US Stock Market Today: S&P 500 Slides Toward Second Weekly Decline Amid Earnings and AI Trade Moves

US Stock Markets Like Dow Jones and Russell 2000 Dip as Tech Sector Earnings Fall and Fed Policy Changes are Awaited
US Stock Market Today: S&P 500 Slides Toward Second Weekly Decline Amid Earnings and AI Trade Moves
Written By:
Kelvin Munene
Reviewed By:
Atchutanna Subodh
Published on

US equities traded unevenly on Friday after a volatile week shaped by geopolitics and earnings. The moves left the S&P 500 positioned for a second straight weekly decline.

Investors shifted attention back to corporate results and monetary policy as tariff fears eased. Flows data and chip-sector headlines added to the crosscurrents.

S&P 500 Weekly Decline Keeps Earnings and Fed Policy at the Center

The S&P 500 rose 0.3% as of 11:02 a.m. New York time, while the Nasdaq 100 gained 0.7%. Meanwhile, the Dow Jones Industrial Average fell 0.4%, and the Russell 2000 dropped 1%.

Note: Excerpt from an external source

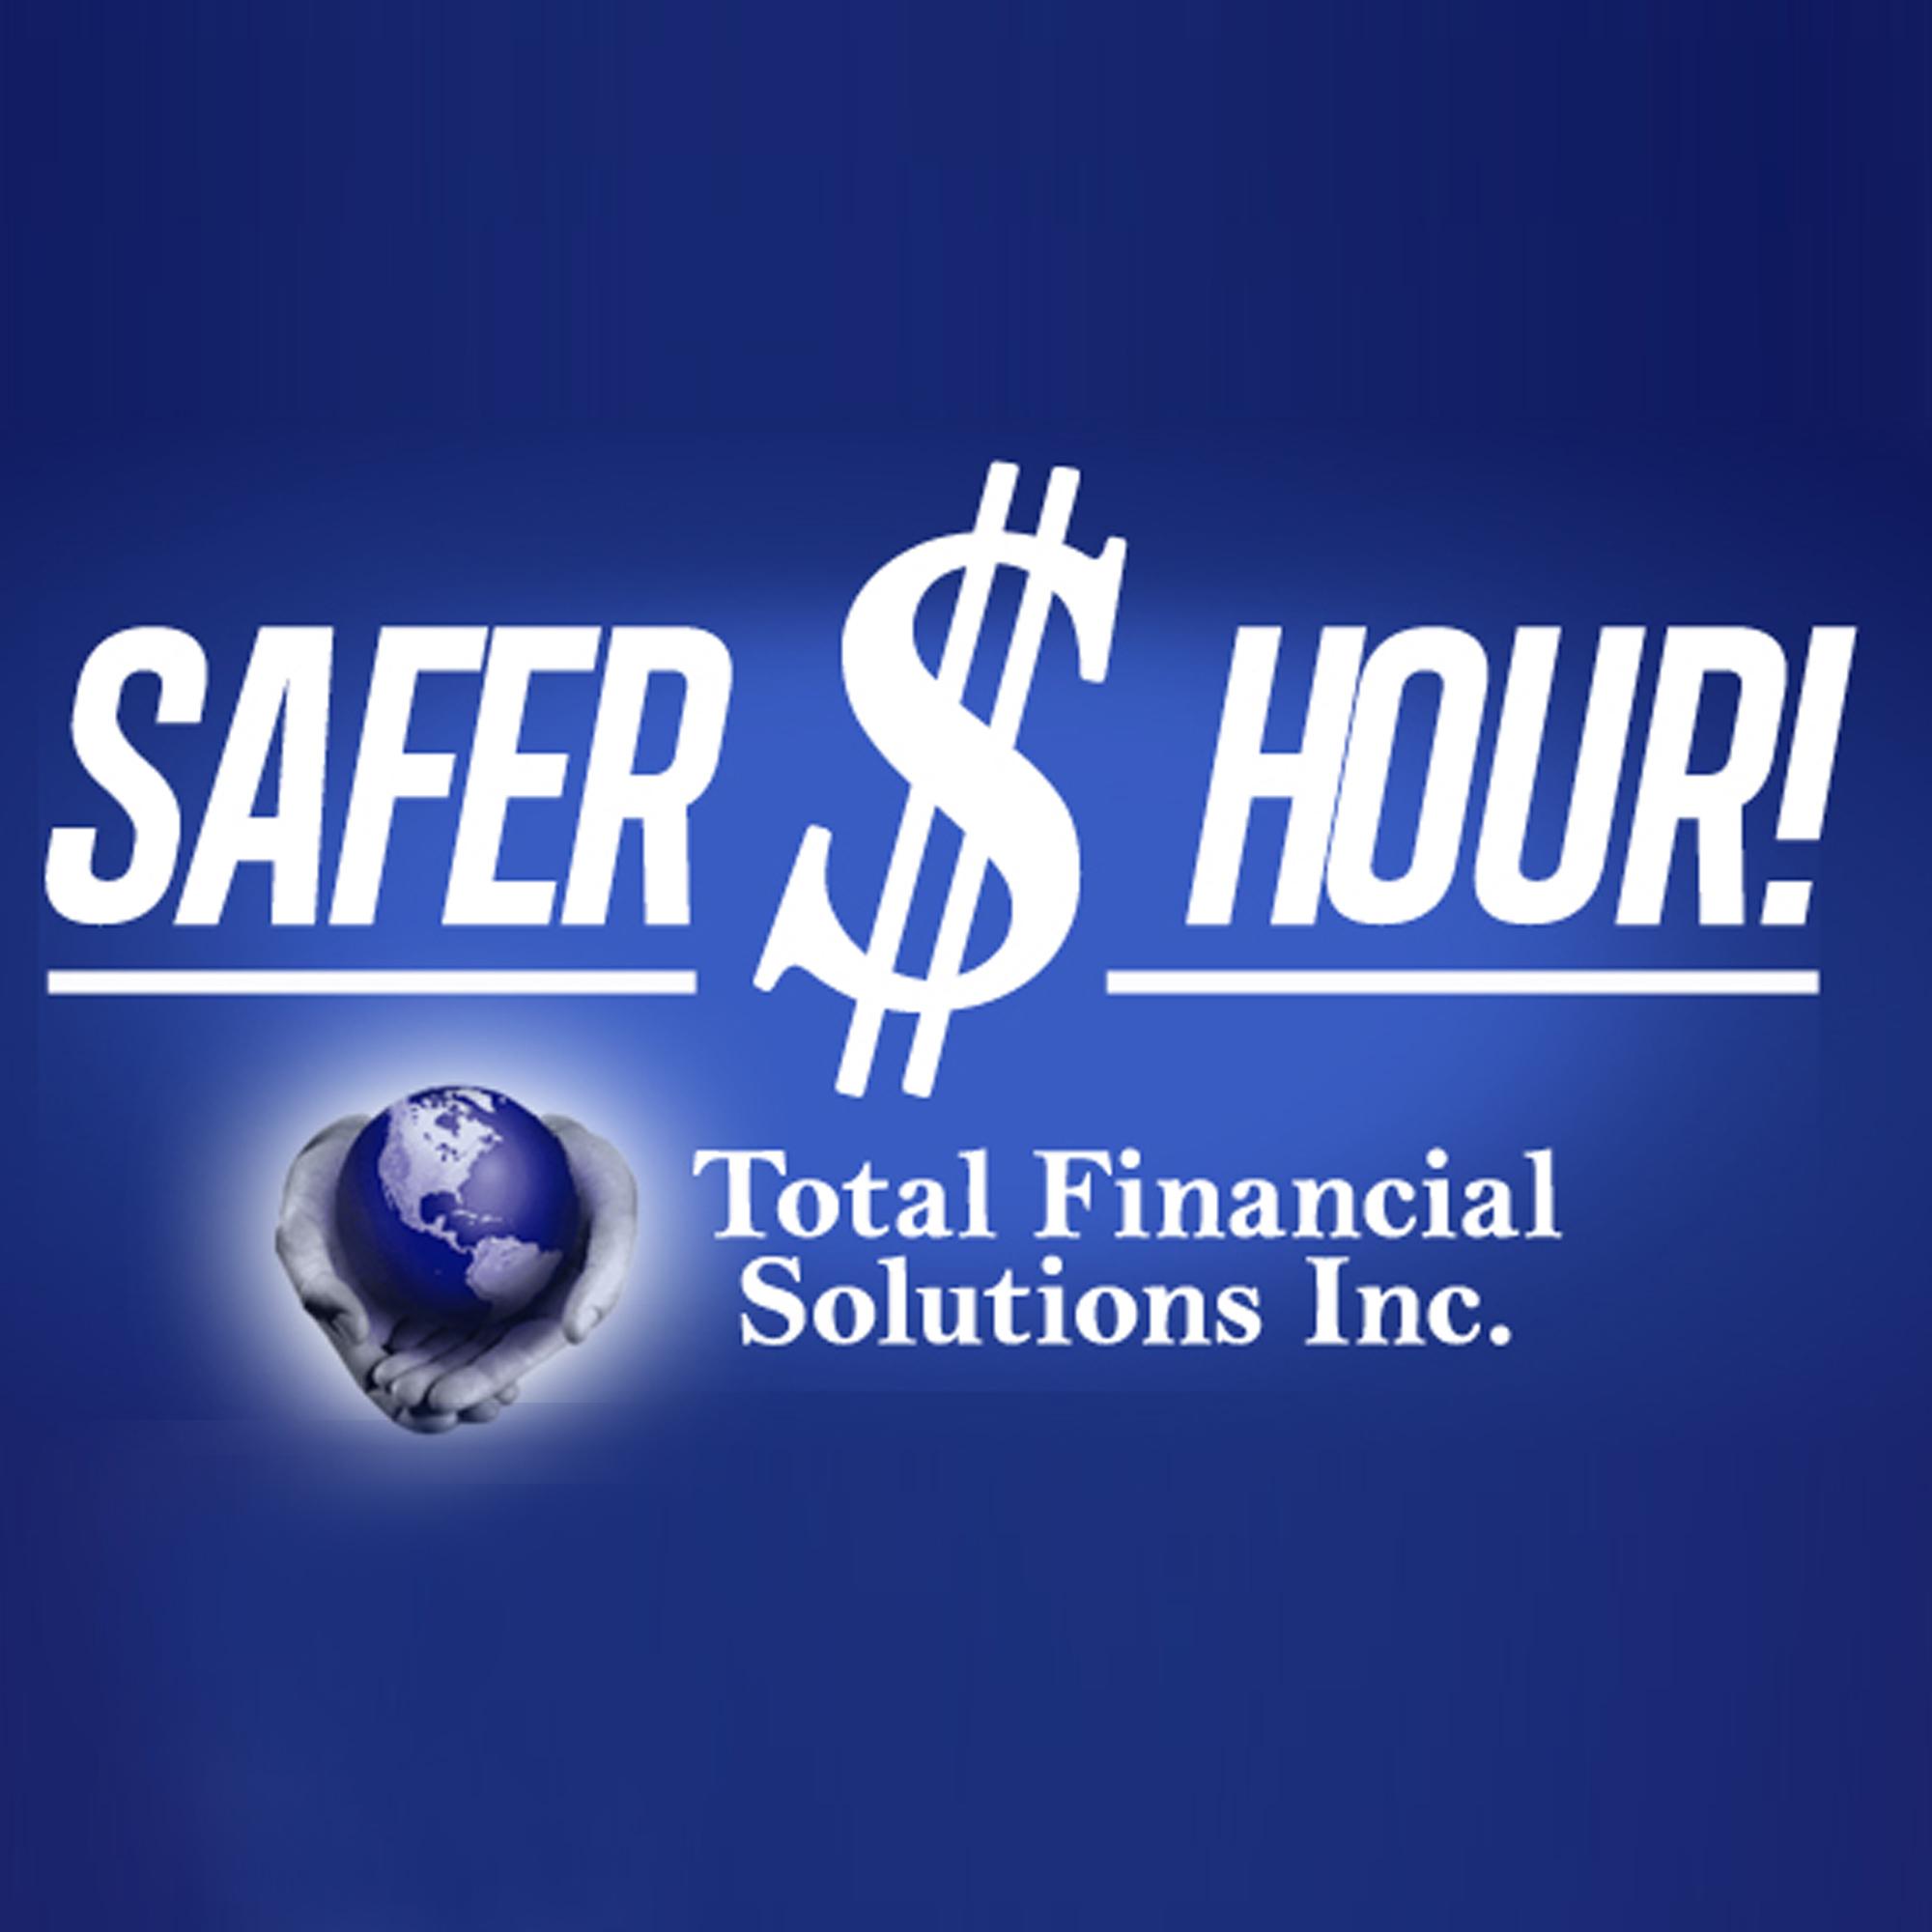 Total Financial Safer Money Hour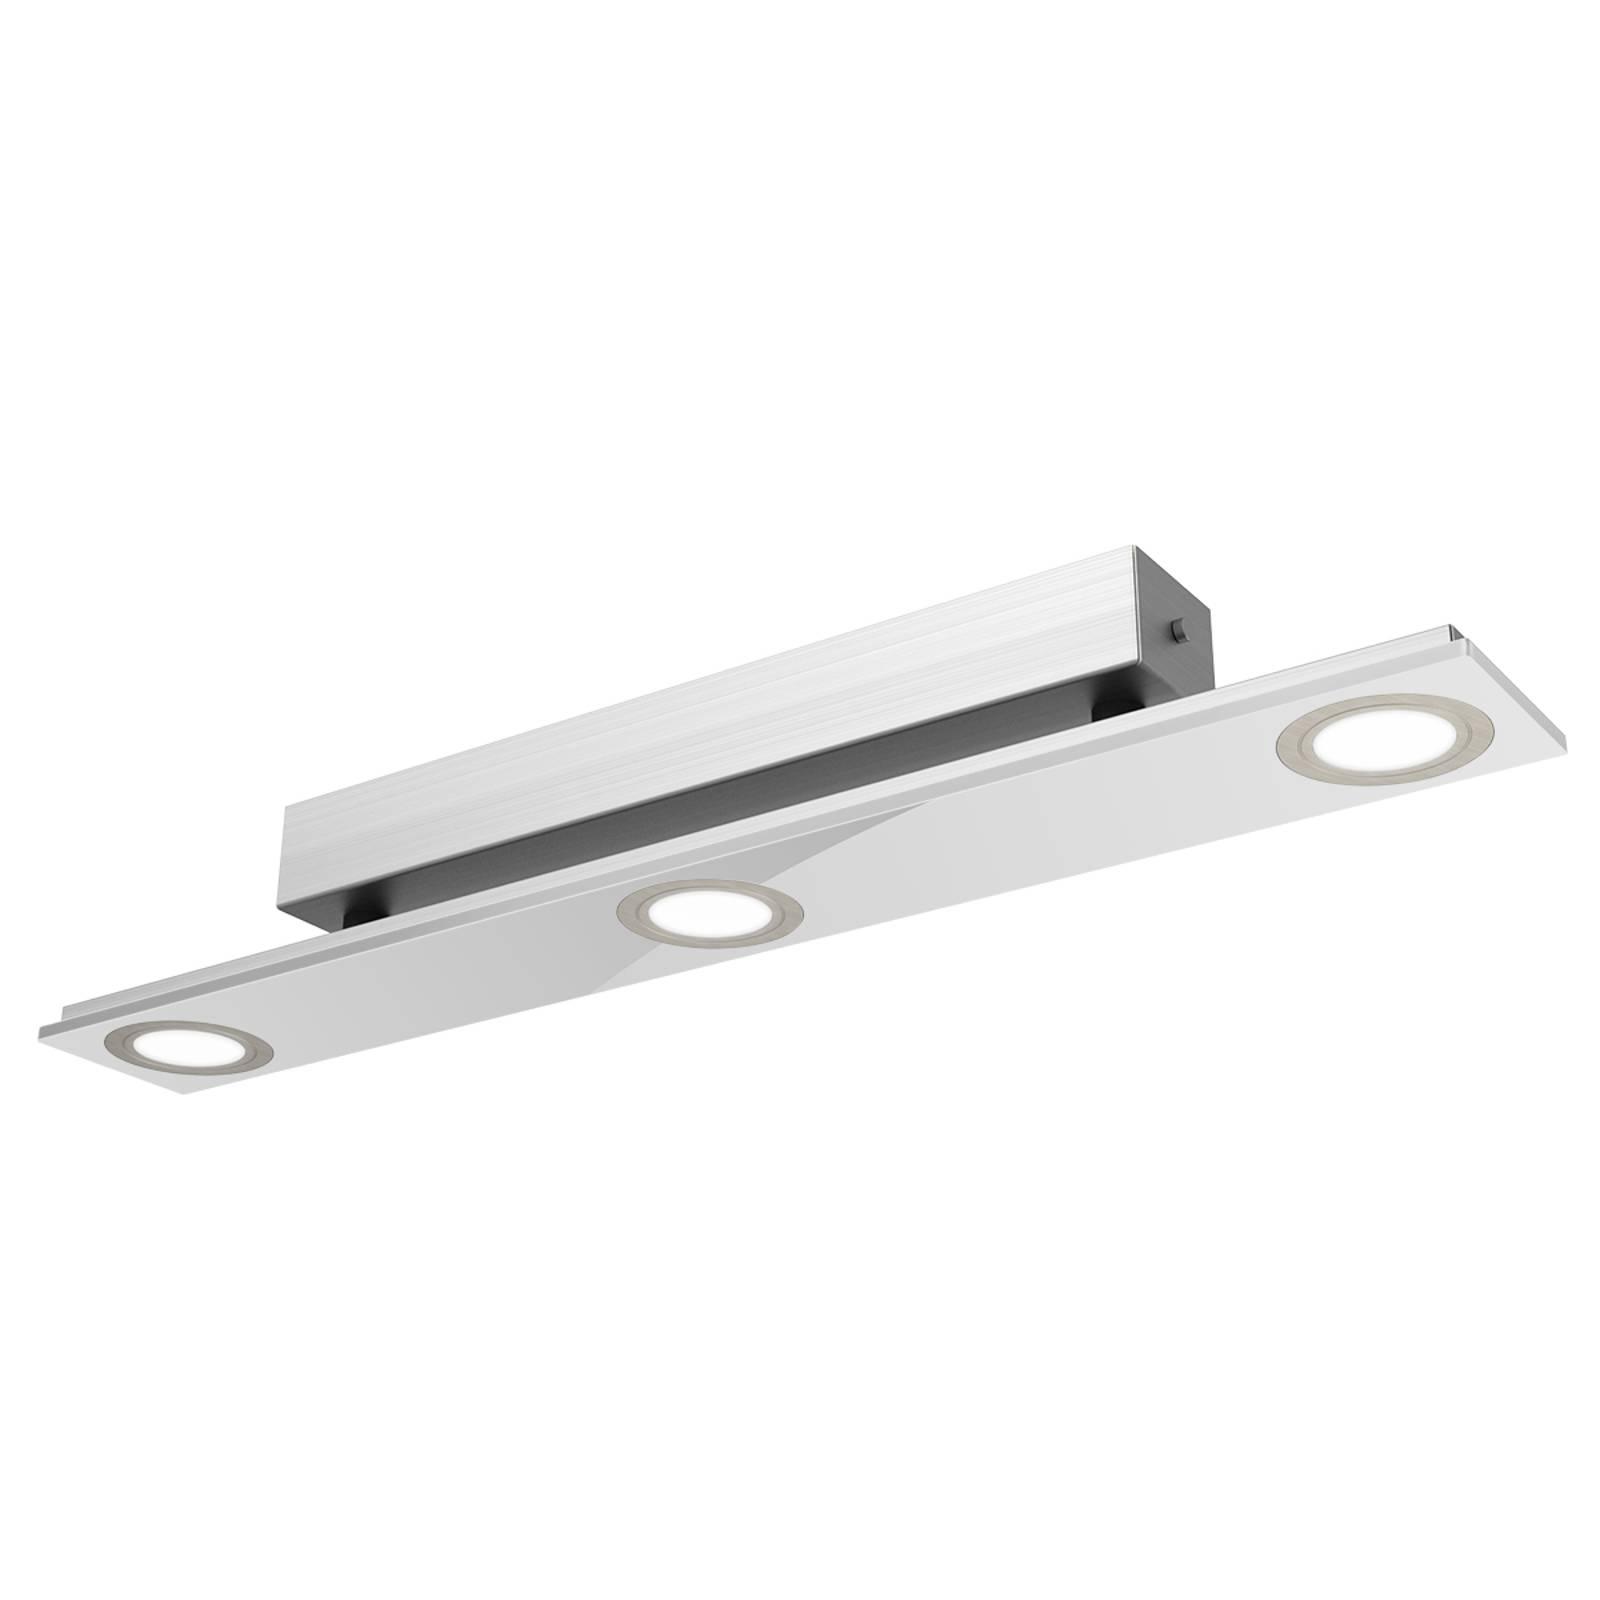 3-os. Pano-LED-kattovalaisin, metalli

Markets also tracked global benchmarks. The MSCI World Index rose 0.3%, while the Stoxx Europe 600 held little changed.

Consumer data offered a steadier signal. The University of Michigan’s consumer sentiment index rose to 56.4 in January from 52.9 in December, according to the survey.

Director Joanne Hsu said the improvement was broad-based across groups. Still, she said sentiment stayed more than 20% below a year earlier, as consumers cited high prices and labor-market worries.

Interest rate markets showed limited movement ahead of next week’s Federal Reserve (Fed) meeting. The 10-year Treasury yield slipped one basis point to 4.24%, and the 2-year yield held near 3.60%.

NVIDIA H200 AI Chips Lift Megacaps as Intel Outlook Hits Semiconductor Sentiment

Chipmakers traded in opposite directions as investors weighed demand signals. NVIDIA rose 1.5% after Chinese officials told large technology firms they can prepare orders for NVIDIA’s H200 artificial intelligence (AI) chips.

The discussions suggested Beijing is close to approving imports needed to run AI systems. Consequently, megacaps outperformed, and the Bloomberg Magnificent 7 Total Return Index rose 1.6%.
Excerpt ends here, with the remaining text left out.